×

Stochastic optimization with momentum: convergence, fluctuations, and traps avoidance. (English) Zbl 1471.62442

Summary: In this paper, a general stochastic optimization procedure is studied, unifying several variants of the stochastic gradient descent such as, among others, the stochastic heavy ball method, the Stochastic Nesterov Accelerated Gradient algorithm (S-NAG), and the widely used Adam algorithm. The algorithm is seen as a noisy Euler discretization of a non-autonomous ordinary differential equation, recently introduced by Belotto da Silva and Gazeau, which is analyzed in depth.
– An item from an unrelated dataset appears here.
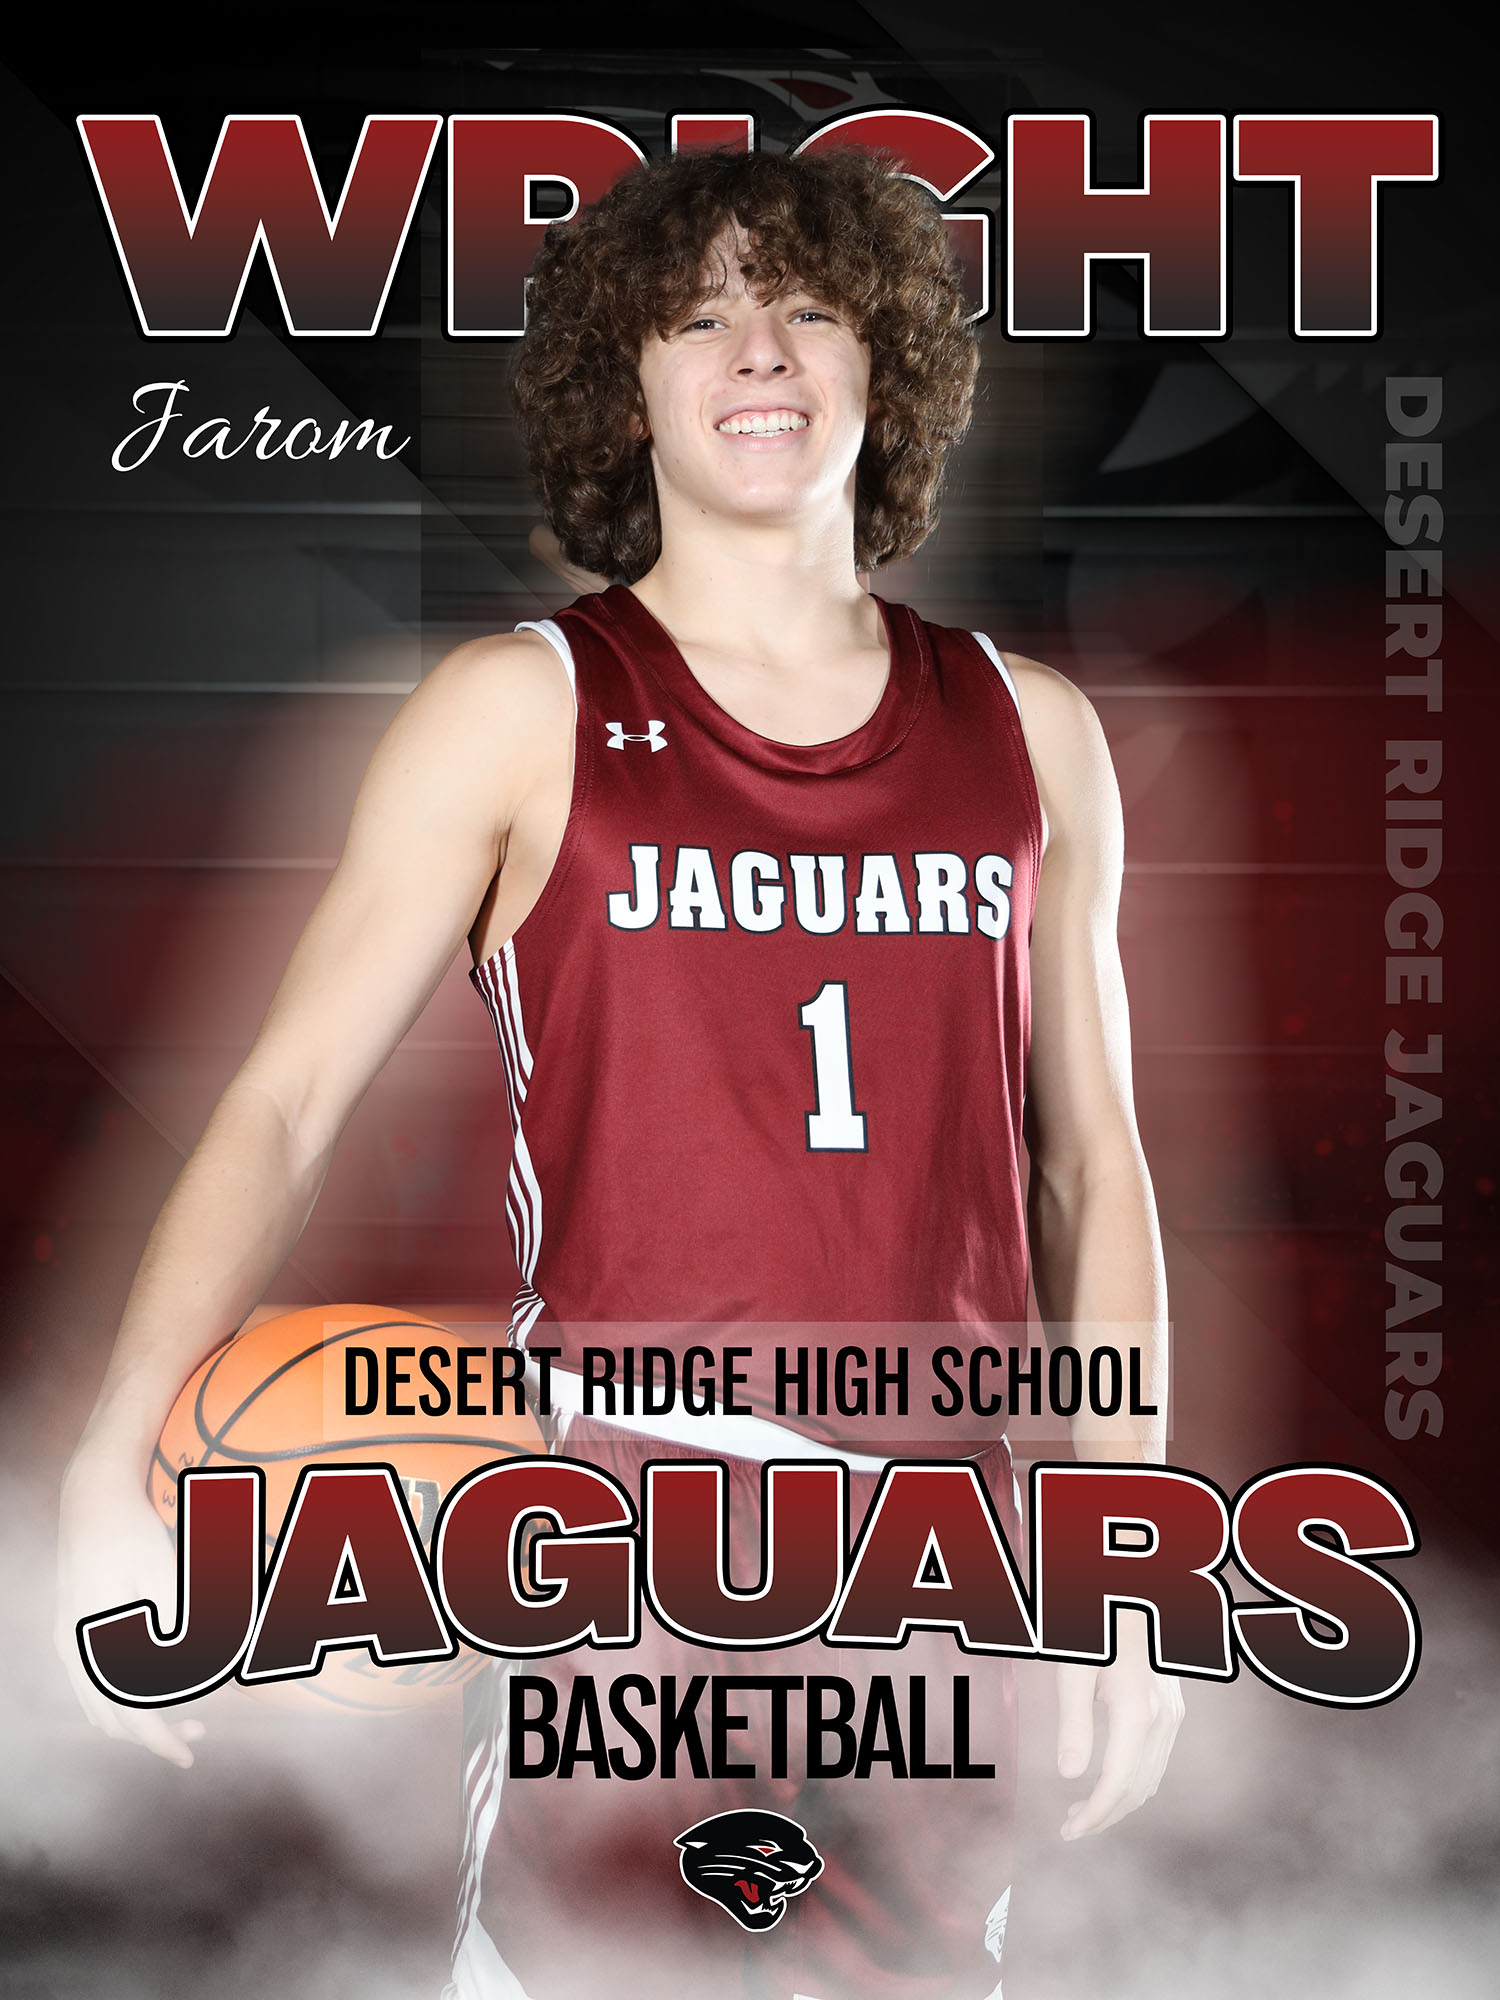 Desert Ridge Jaguars Basketball player Jarom Wright

Assuming that the objective function is non-convex and differentiable, the stability and the almost sure convergence of the iterates to the set of critical points are established. A noteworthy special case is the convergence proof of S-NAG in a non-convex setting. Under some assumptions, the convergence rate is provided under the form of a Central Limit Theorem. Finally, the non-convergence of the algorithm to undesired critical points, such as local maxima or saddle points, is established. Here, the main ingredient is a new avoidance of traps result for non-autonomous settings, which is of independent interest.

MSC:

62L20 Stochastic approximation
34A12 Initial value problems, existence, uniqueness, continuous dependence and continuation of solutions to ordinary differential equations
60F99 Limit theorems in probability theory
68T99 Artificial intelligence

Software:

RMSprop; Adam; AdaGrad

References:

[1] Alacaoglu, A., Malitsky, Y. and Cevher, V. (2020). Convergence of adaptive algorithms for weakly convex constrained optimization. arXiv preprint arXiv:2006.06650.
[2] Alacaoglu, A., Malitsky, Y., Mertikopoulos, P. and Cevher, V. (2020). A new regret analysis for Adam-type algorithms. In Proceedings of the 37th International Conference on Machine Learning (H. D. III and A. Singh, eds.). Proceedings of Machine Learning Research 119 202-210.
[3] Alvarez, F. (2000). On the minimizing property of a second order dissipative system in Hilbert spaces. SIAM Journal on Control and Optimization 38 1102-1119. · Zbl 0954.34053
[4] Assran, M. and Rabbat, M. (2020). On the convergence of Nesterov’s accelerated gradient method in stochastic settings. In Proceedings of the 37th International Conference on Machine Learning (H. D. III and A. Singh, eds.). Proceedings of Machine Learning Research 119 410-420.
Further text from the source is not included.